Viet Thanh Nguyen, Nothing Ever Dies (p.5)

Memory affects us. It shapes our identity, who we are, how we perceive the past, how we view the present, and how we envision and might act in the future. Other than what we personally experience – to which a degree of uncertainty, bias and misapprehension must be taken into account – our memory of past events as our perception of present ones, in no small measure, is based on what we are told. Where the truth lies, assuming there is a truth, depends on who is telling the story, based on what information, from what vantage point in examining the events, the quality of the information, the objectivity of witnesses and their ability to accurately recount, and the intentions of those who write and lecture and promote historical truths as they would have others believe and be influenced by.
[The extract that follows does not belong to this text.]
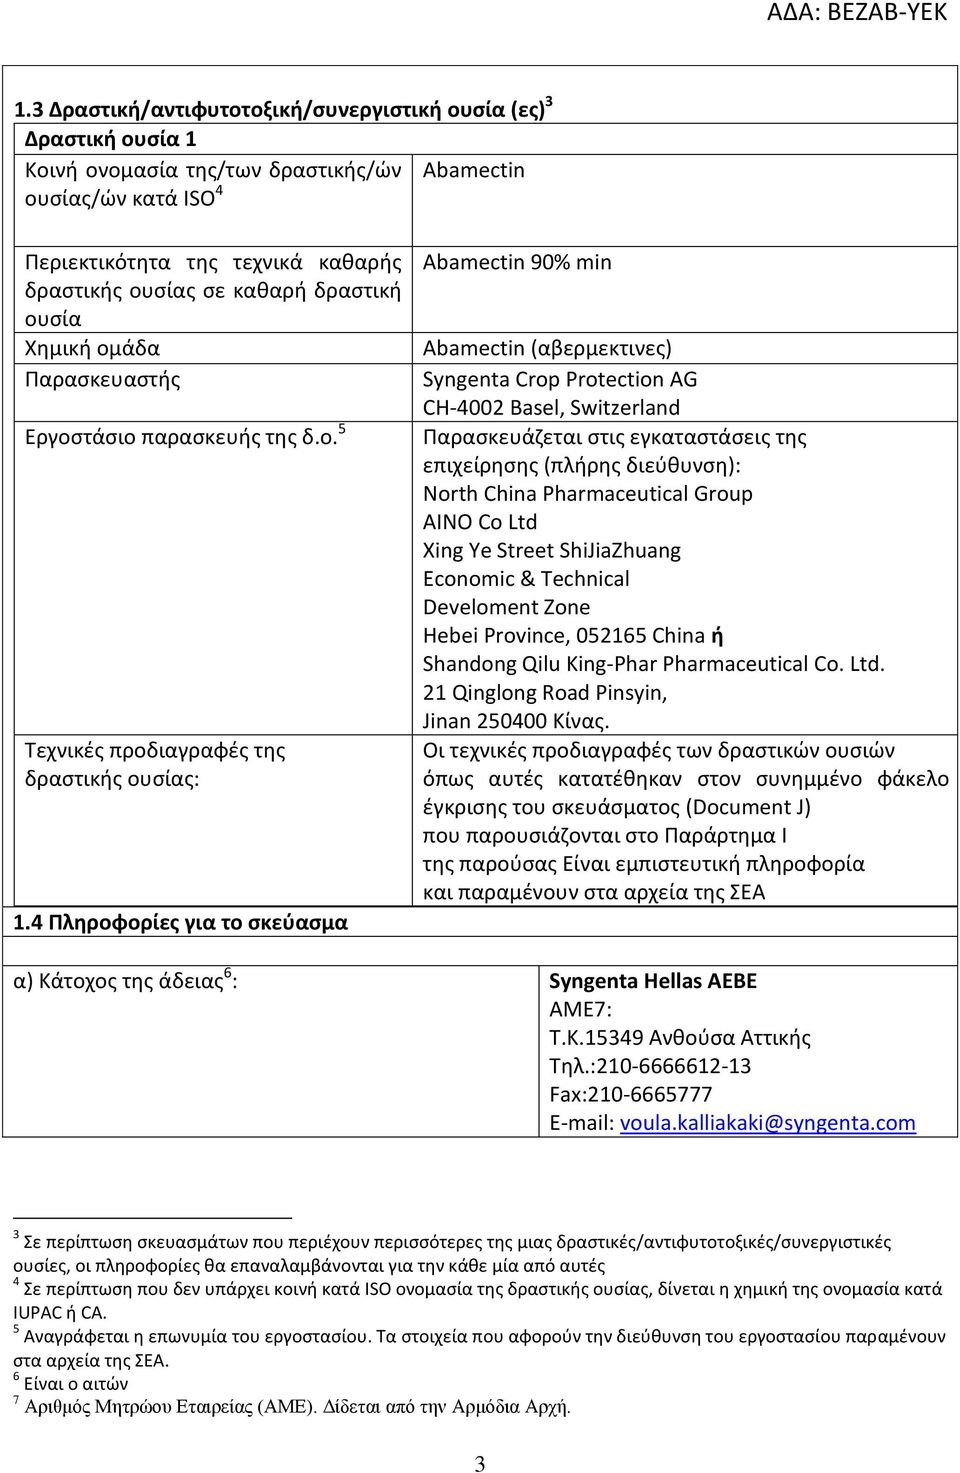 4 Πληροφορίες για το σκεύασμα Abamectin 90% min Abamectin (αβερμεκτινες) Syngenta Crop Protection AG CH-4002 Basel, Switzerland Παρασκευάζεται στις εγκαταστάσεις της επιχείρησης (πλήρης διεύθυνση):

Having tried my share of small, big, and mega cases, I’ve come to realize that few things are as they often appear. Court judgments may determine the existence of certain facts to satisfy a beyond reasonable doubt finding, but even seemingly correct findings, occasionally prove not to be. Memory, or the unreliability of memory, is partly responsible. When it comes to historical events, especially those that touch us, our memory is at risk of being manipulated – being influenced to see and believe (and thus drilled into our memory) things as told by authority figures, government officials, museums, monuments, memorials, textbooks, and so on. Harking back to my reasons for venturing into this book review series as explained in Part 1, the books reviewed here tie in the theme of memory and war.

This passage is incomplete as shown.